**What to do**
The expected answer is a verbatim transcription of the lines below, beginning with the first and ending with the line that holds "New England Skiing, New", without pictures.
━━━ Data extract ━━━
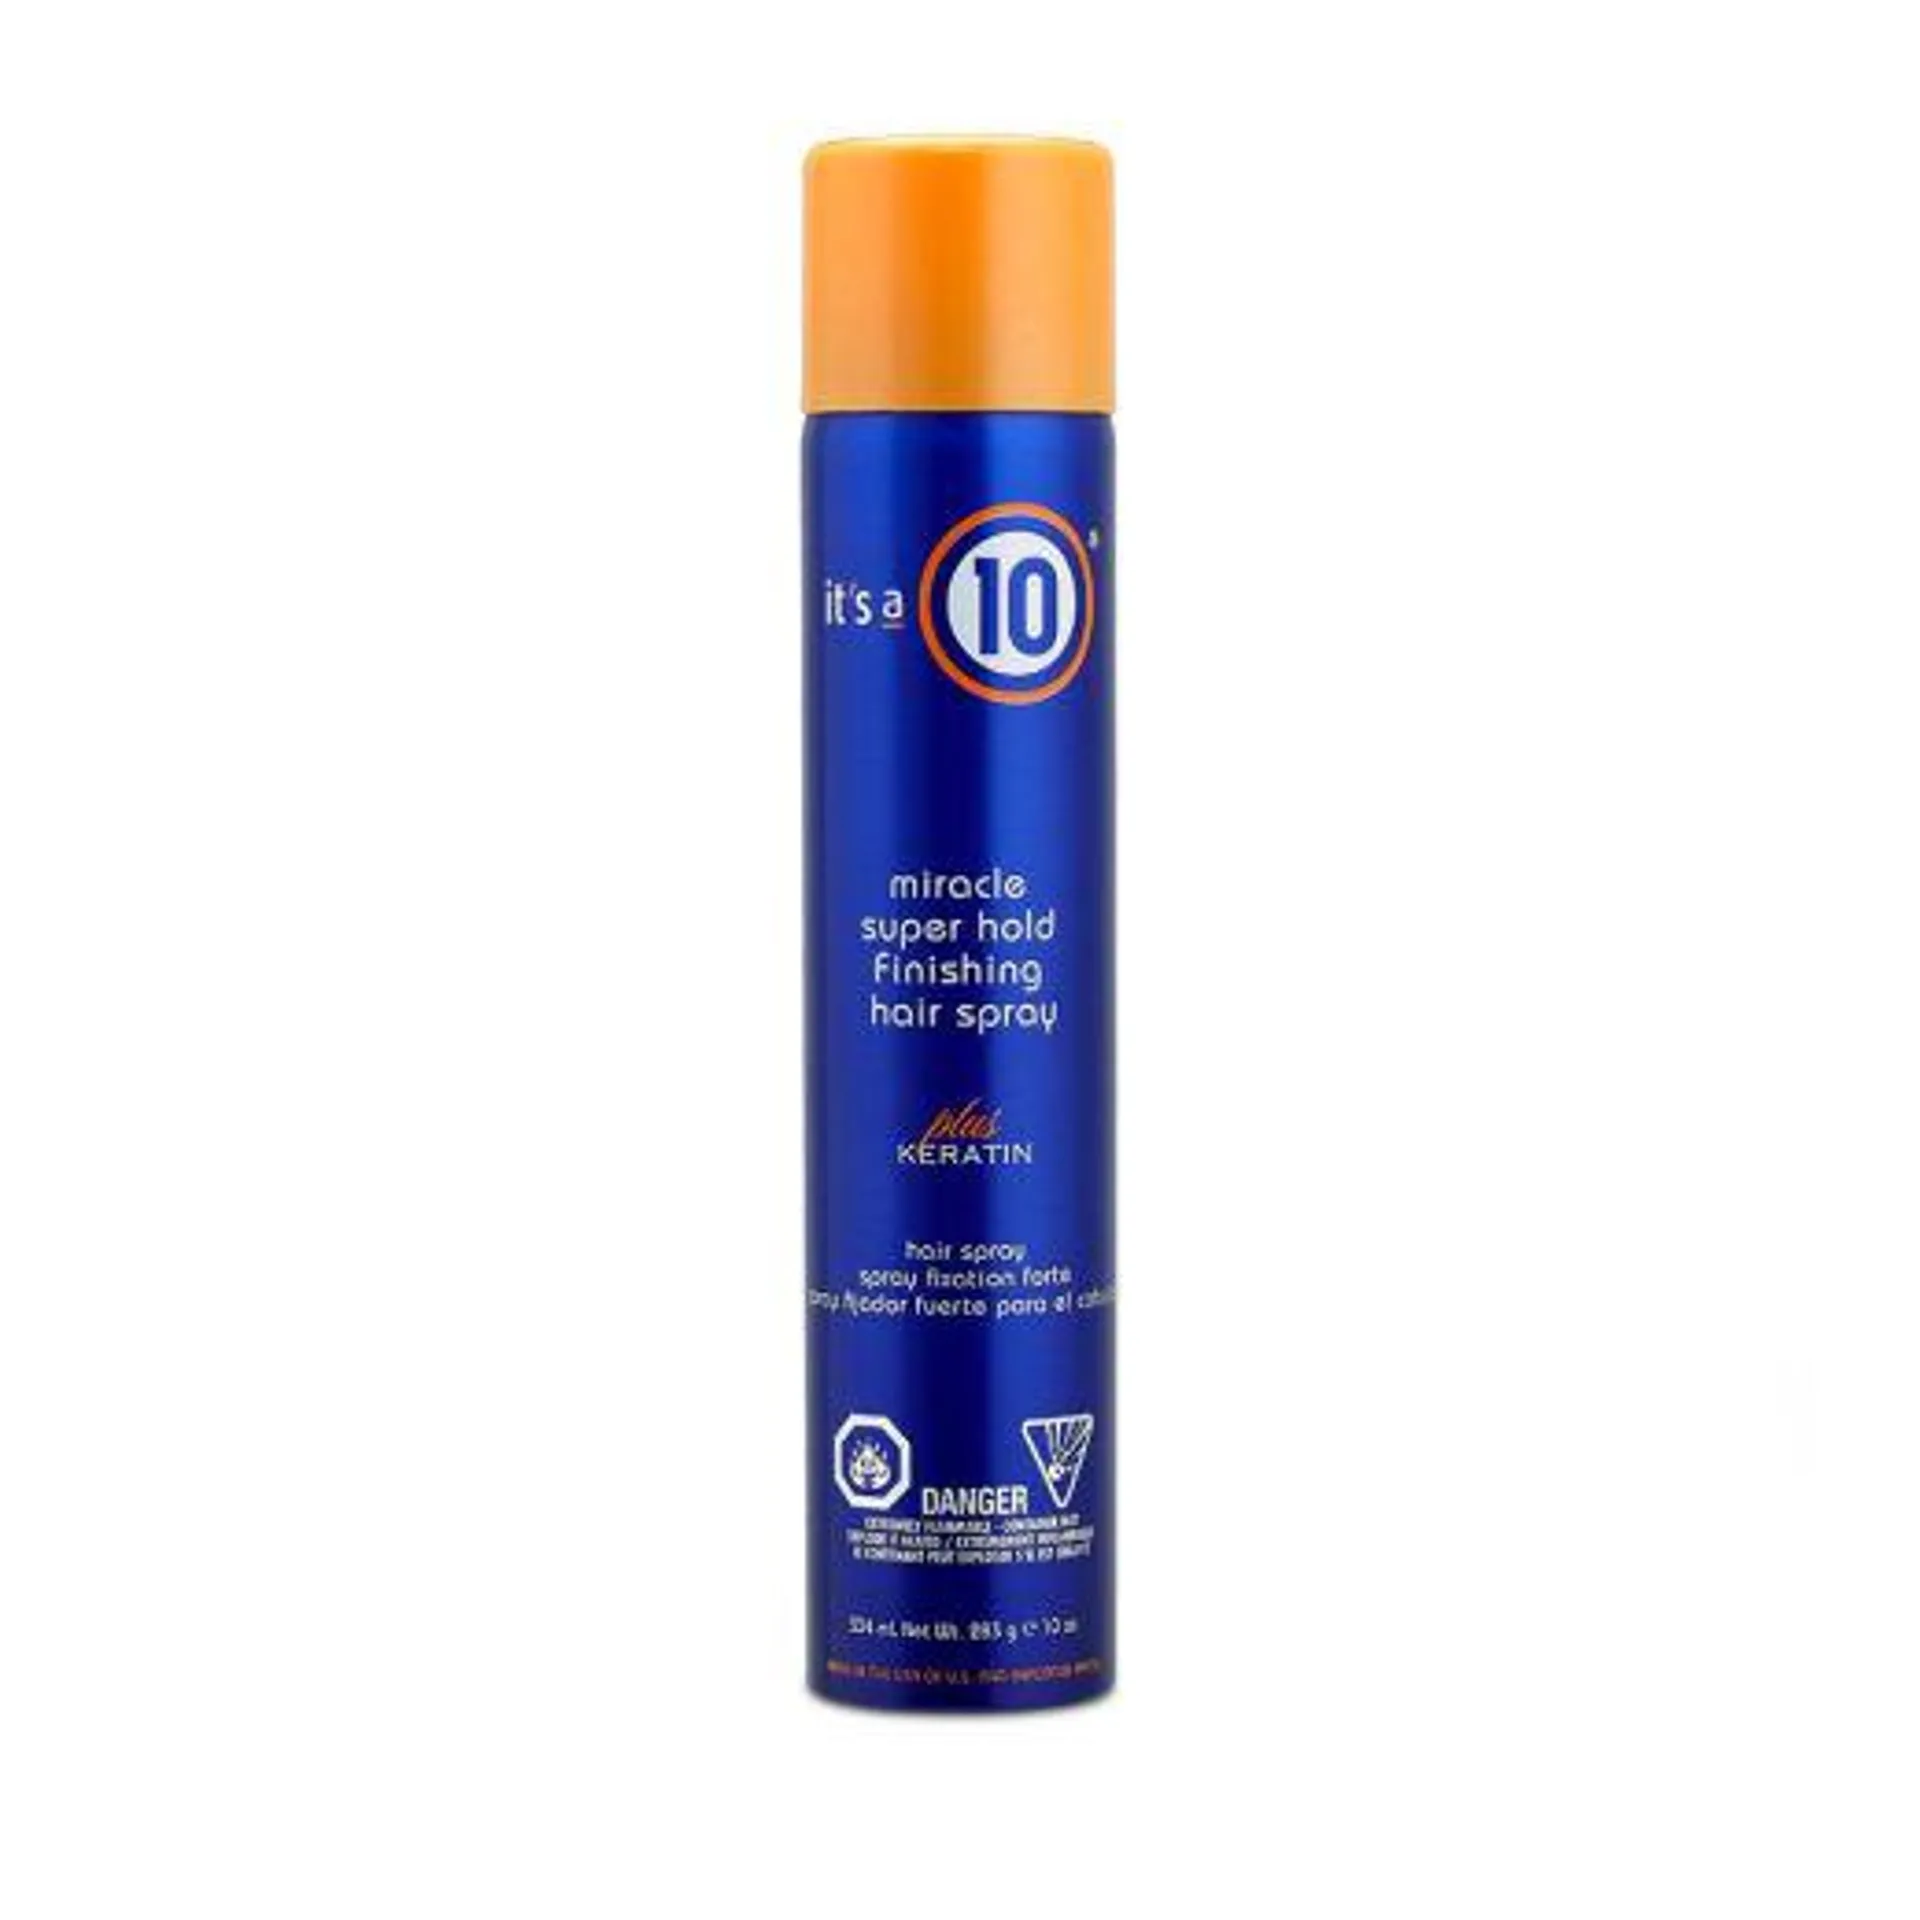 It's a 10 Miracle Super Hold Finishing Spray Plus Keratin 334ml
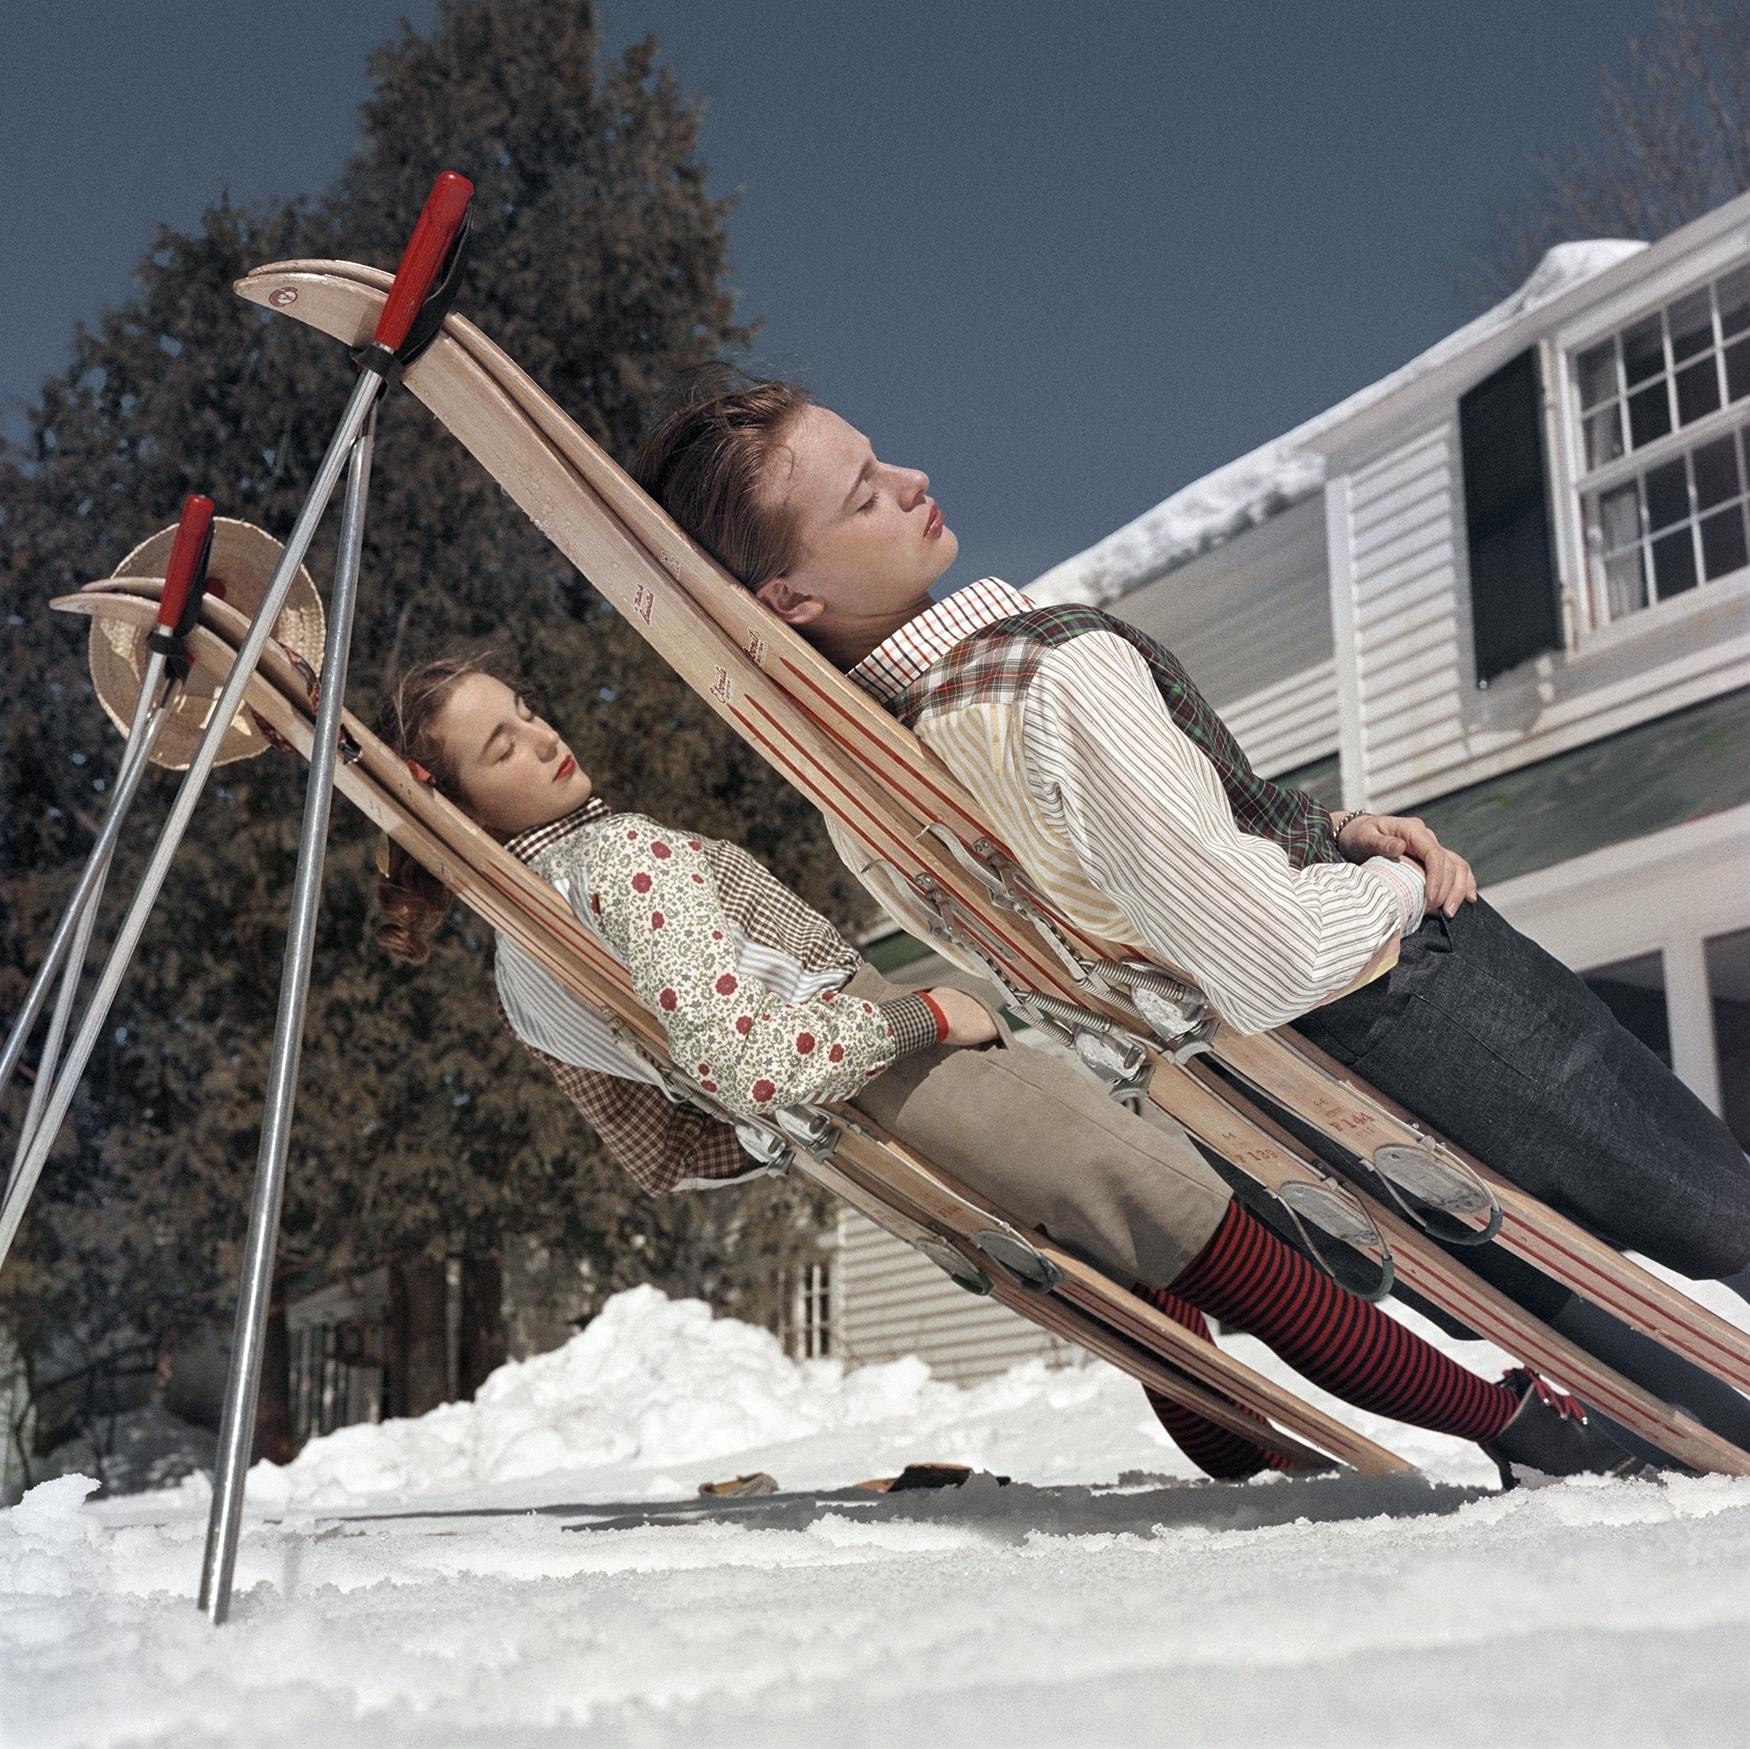 New England Skiing, New Hampshire by Slim Aarons
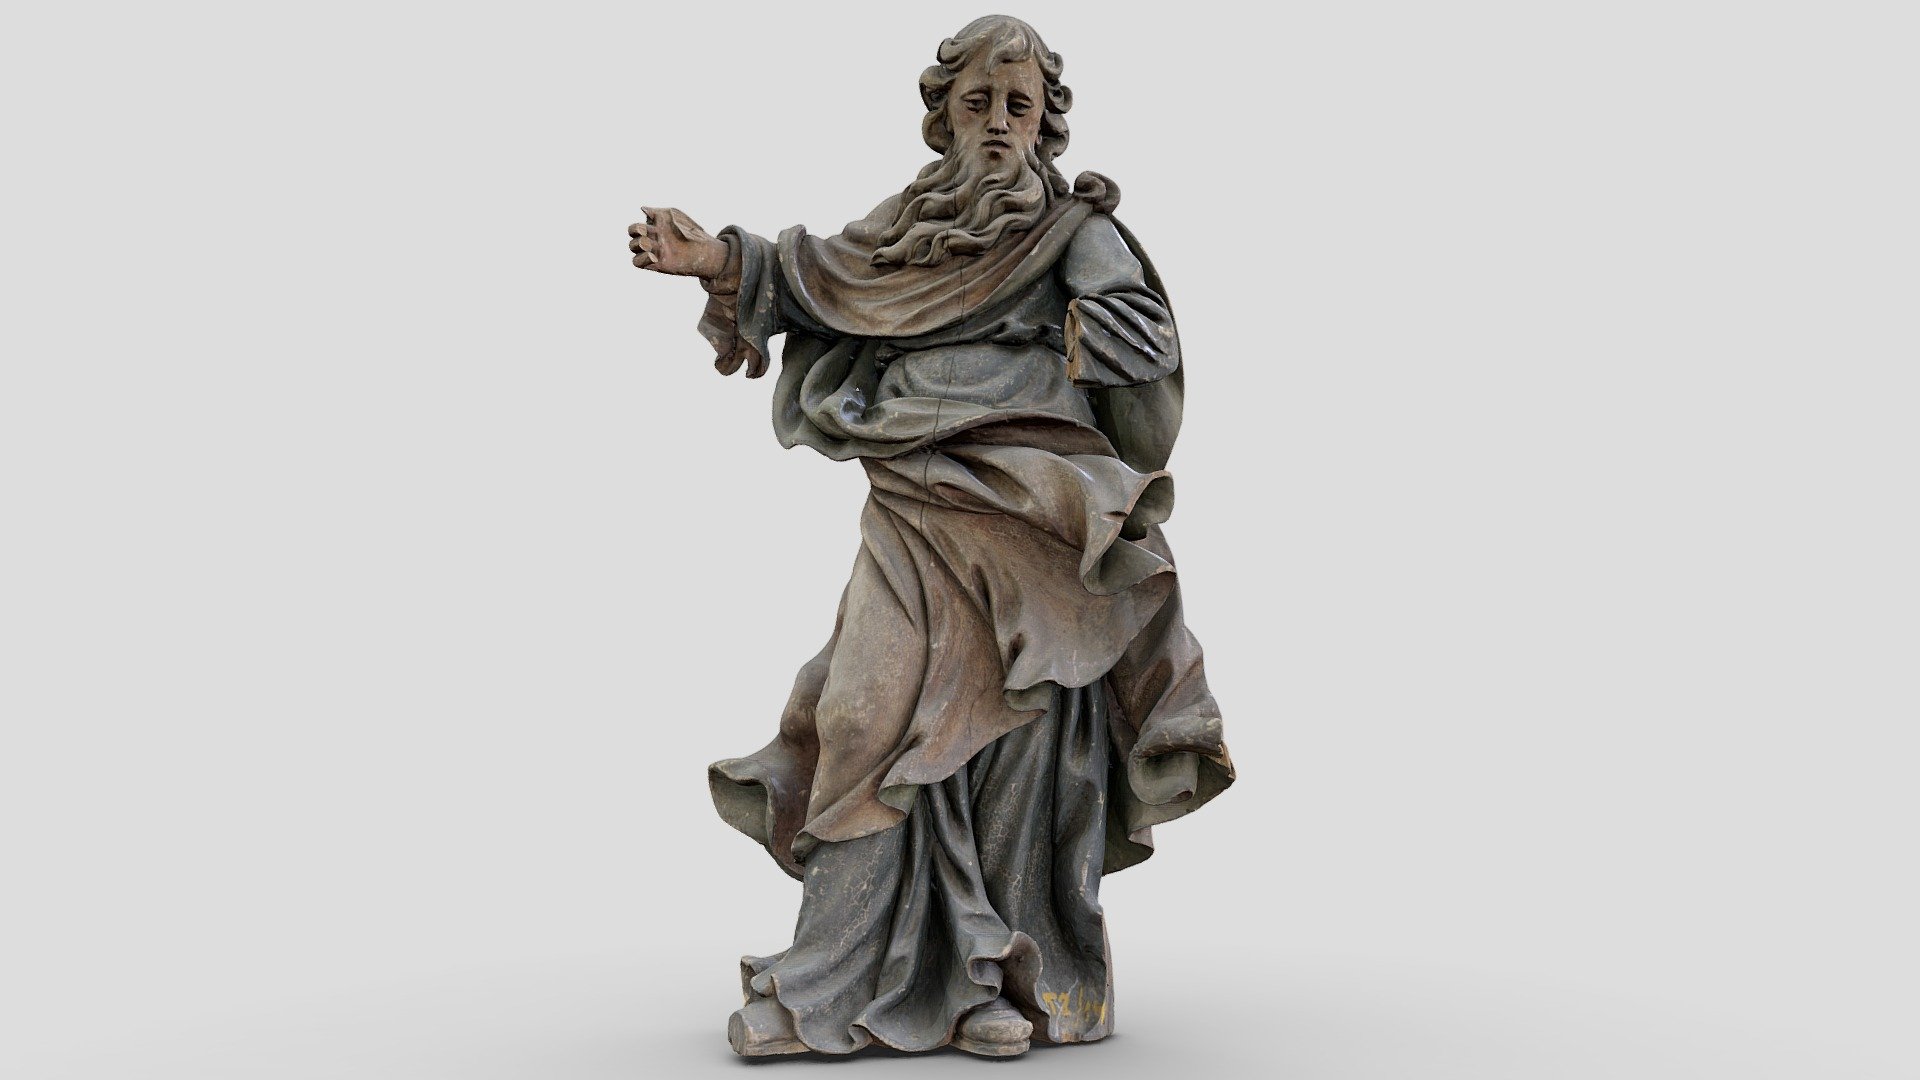 The figure of the prophet is represented in a dynamic pose with his arms theatrically outstretched. His head is lowered; the gaze is directed downwards. The artist skillfully carved the arched eyebrows, almond-shaped eyes, straight nose with flared nostrils, open mouth, as well as hair that smoothly frames the man's head. The saint's clothes and drapery are covered with folds, which pass from smooth curves to geometriс planes, repeating the outlines of the figure. The sculpture is performed in the form of an S-shaped silhouette (figura serpentinata), which dominated the Baroque sculpture. The right leg of the man is slightly bent at the knee and put forward. The whole work is full of dynamism, which is enhanced by the expressive long strands of the prophet's beard and the drapery that emphasizes the movement 3d model
━━━
**Output for this task**
 It's a 10 Miracle Super Hold Finishing Spray Plus Keratin 334ml
 New England Skiing, New Hampshire by Slim Aarons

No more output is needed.